Does that mean a tractor will shut down every city? I don't think so.

MS. PEARSON
But does Washington have to prepare differently?

MR. HEYMAN
I would think so. My opinion is that while it was handled in a way that led to the eventual arrest of this individual, with no incident, no damage to any property or people, or harm to even the individual perpetrator of this, it did shut down the city for a period of time and in a way that perhaps reduced the confidence of the citizens that we could in fact deal with a well-planned, multi-personed, multi-jurisdictional response.

MS. PEARSON
How effectively do you think most American cities could deal with a well-planned terrorist attack?

MR. HEYMAN
Well, it's a general question, and I think each city is different and each type of terrorist attack is different. You have a spectrum of different threats that are out there right now, from a radiological device, the so-called dirty bomb that's being tested this week in the exercise in Seattle, you have bioterrorism, which requires public health response and perhaps mass casualty treatment, you have your normal conventional explosions, perhaps similar to 9/11, with airplanes, and you have perhaps chemical agents.

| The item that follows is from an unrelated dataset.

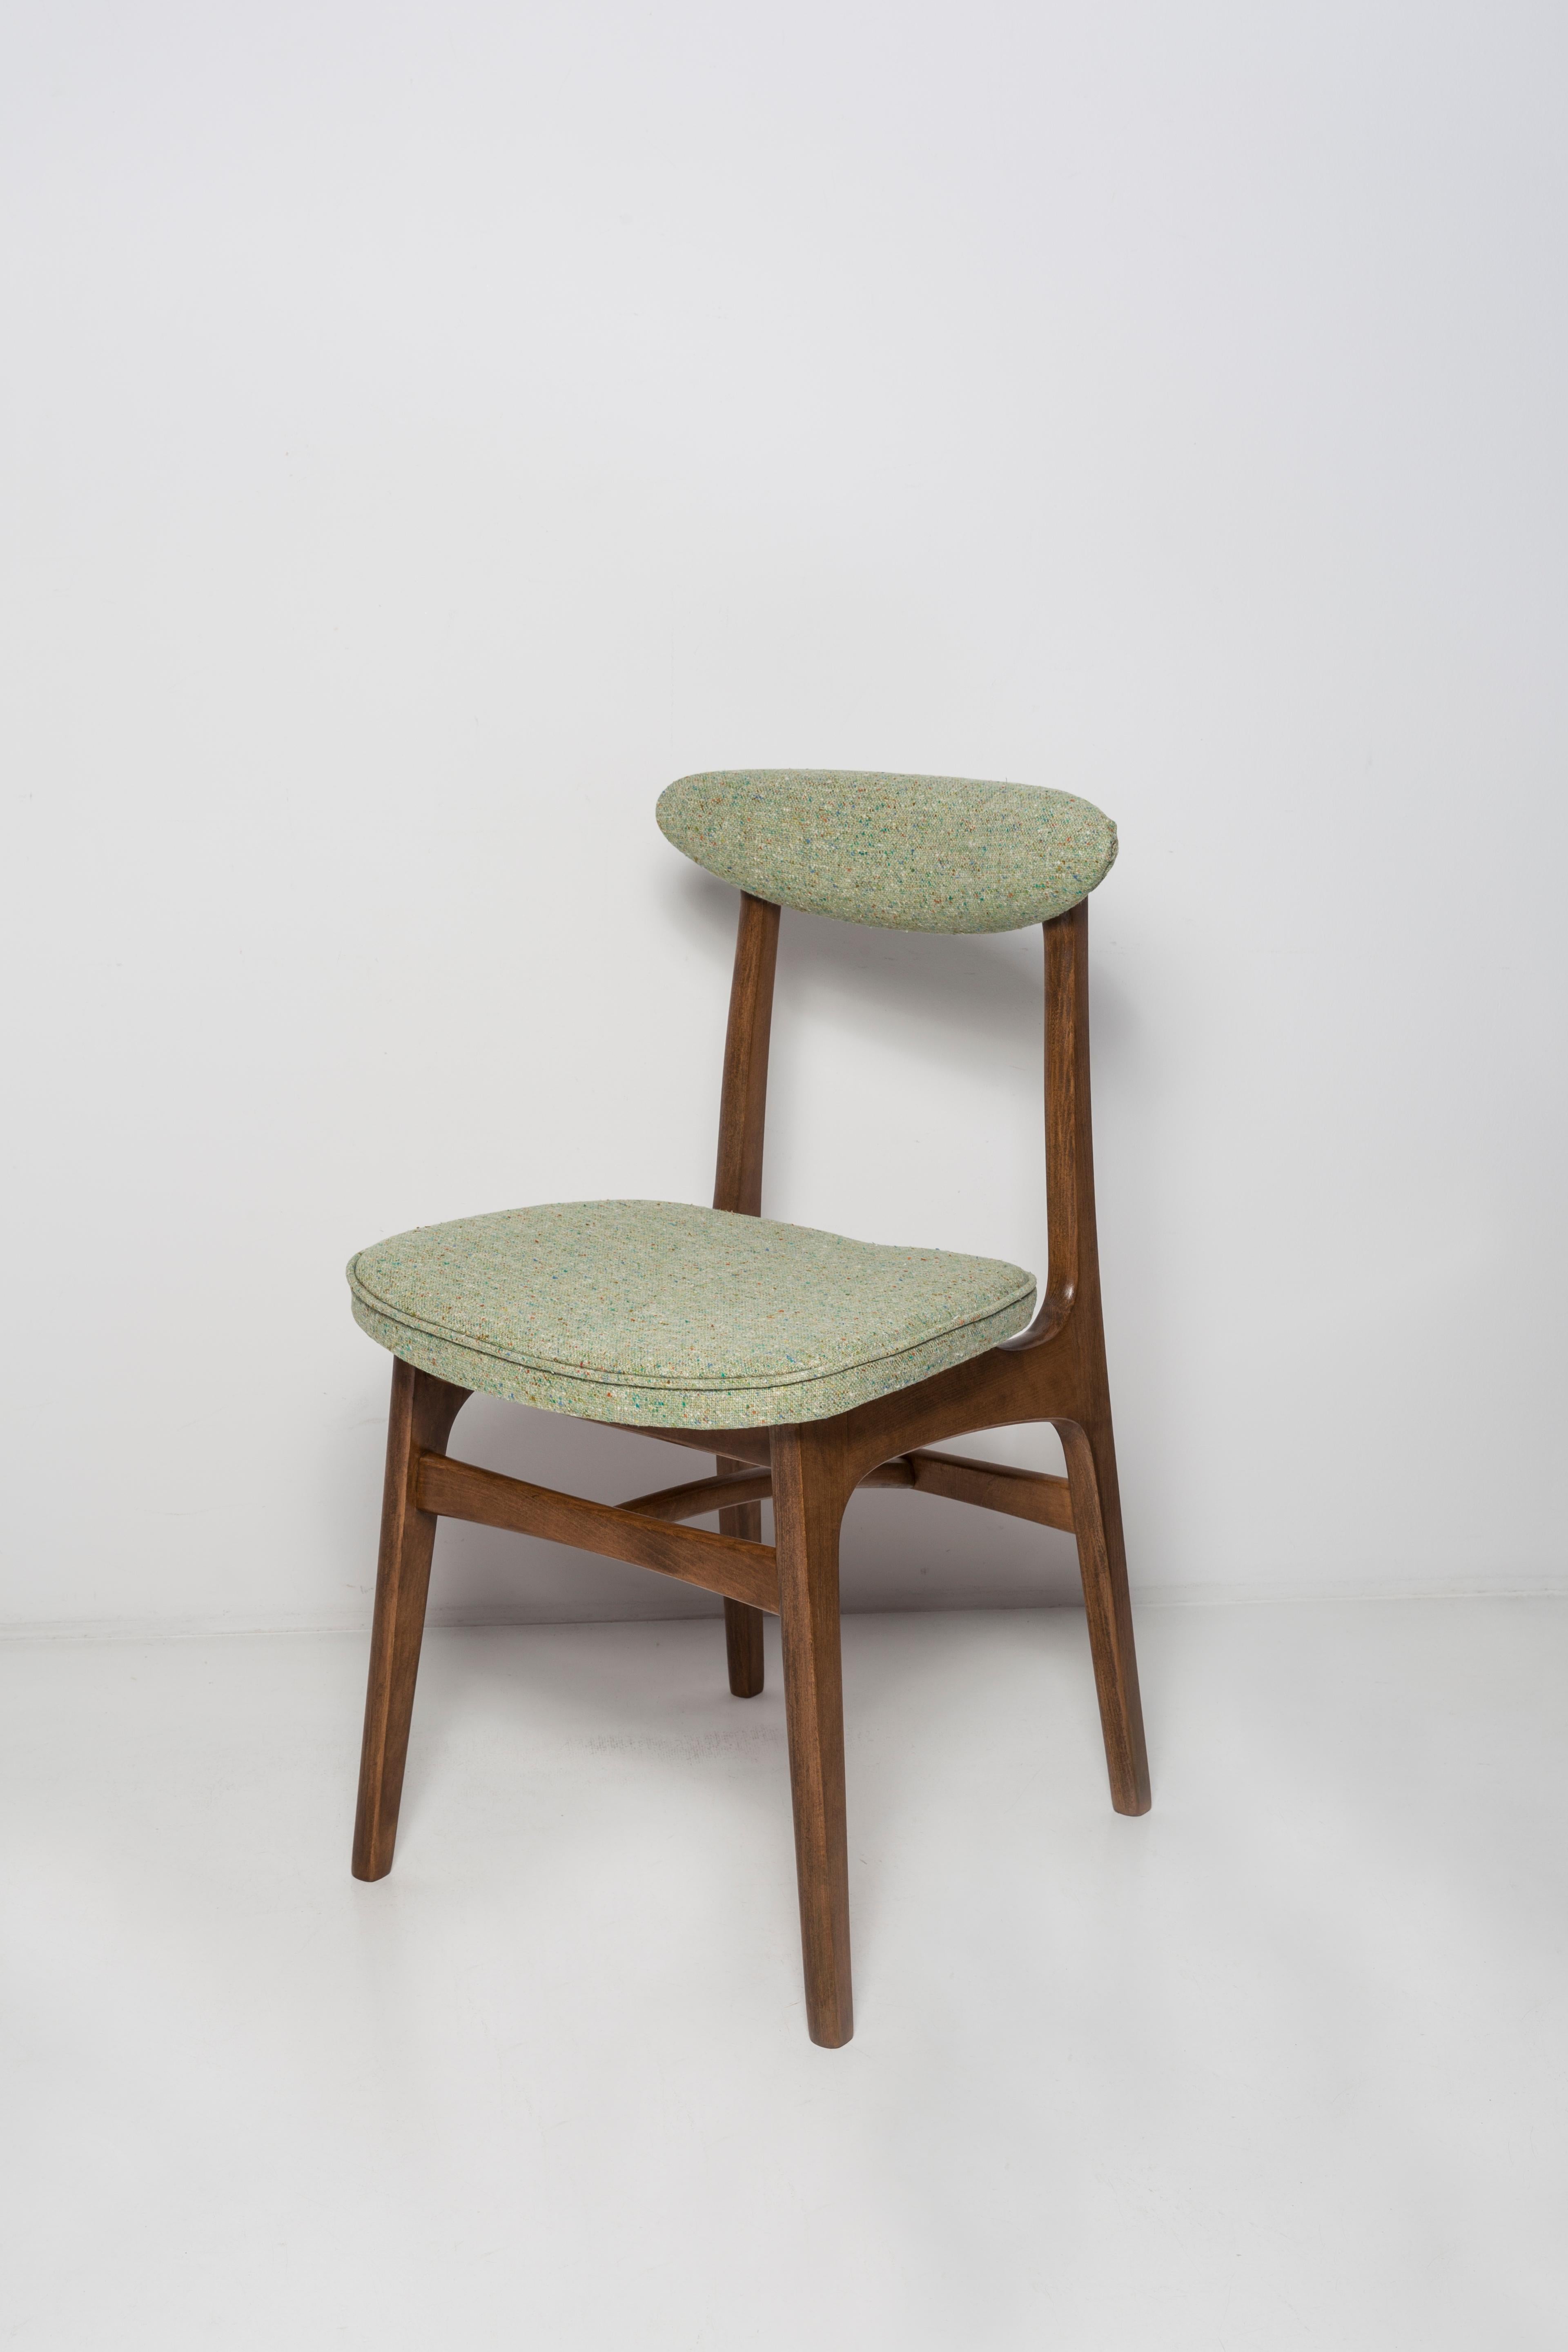 Twelve Mid Century Green Wool Chairs, Walnut Wood, Rajmund Halas, Poland, 1960s For Sale 5
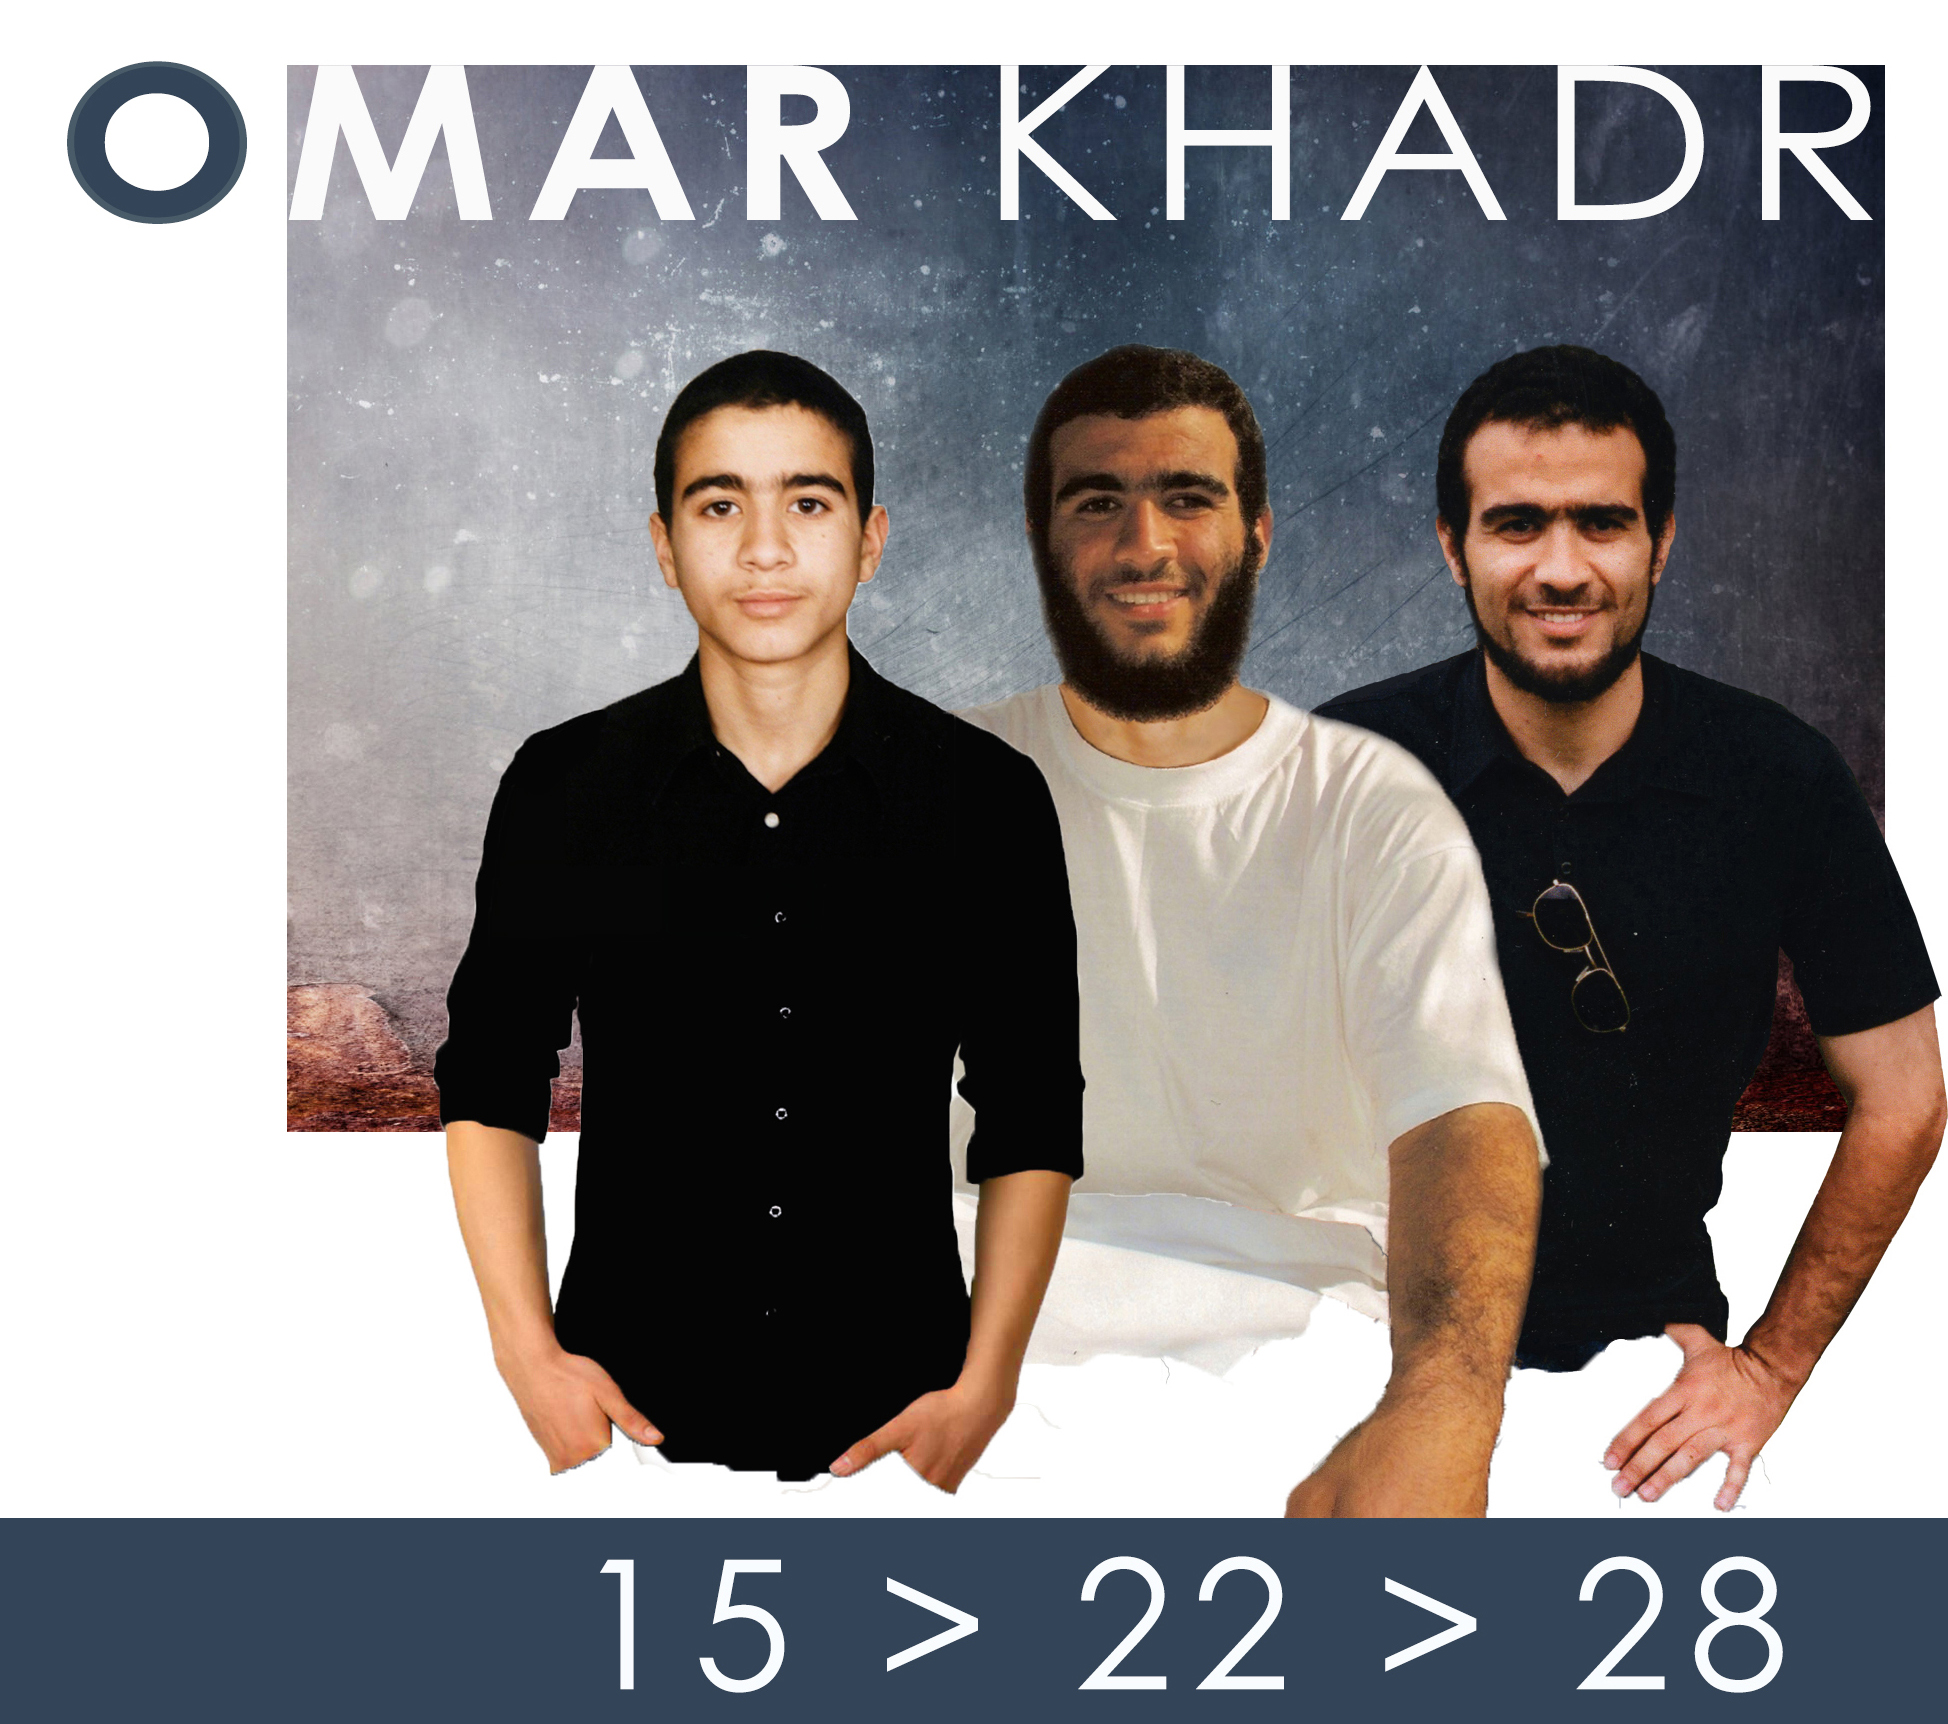 omar_khadr_latest_pic_age_15_22_28

And then, beyond that, we're seeing of course the suicide bombers across the Middle East and other parts of the world which we haven't seen in America at this point. But depending upon the type of terrorist attack and the city's preparedness, some cities are better prepared than others. I can't be more specific than that, except to say, look, Washington, D.C. was held hostage by a sniper. And I think, while we succeeded in capturing the individual, the city was terrorized for quite a period of time.

MS. PEARSON
So, do you know personally what cities would do better at what?

MR. HEYMAN
To be honest, it's a broad question. Look, Washington, New York, Chicago, Seattle, Los Angeles are all getting special funds from the Federal Government to protect themselves. Because they've been involved in this exercise that's going on, and other cities that have been exercised, they have been training. And I would expect that a very small city in a very small town in a State with not a lot of people would probably be less prepared than the major cities as well.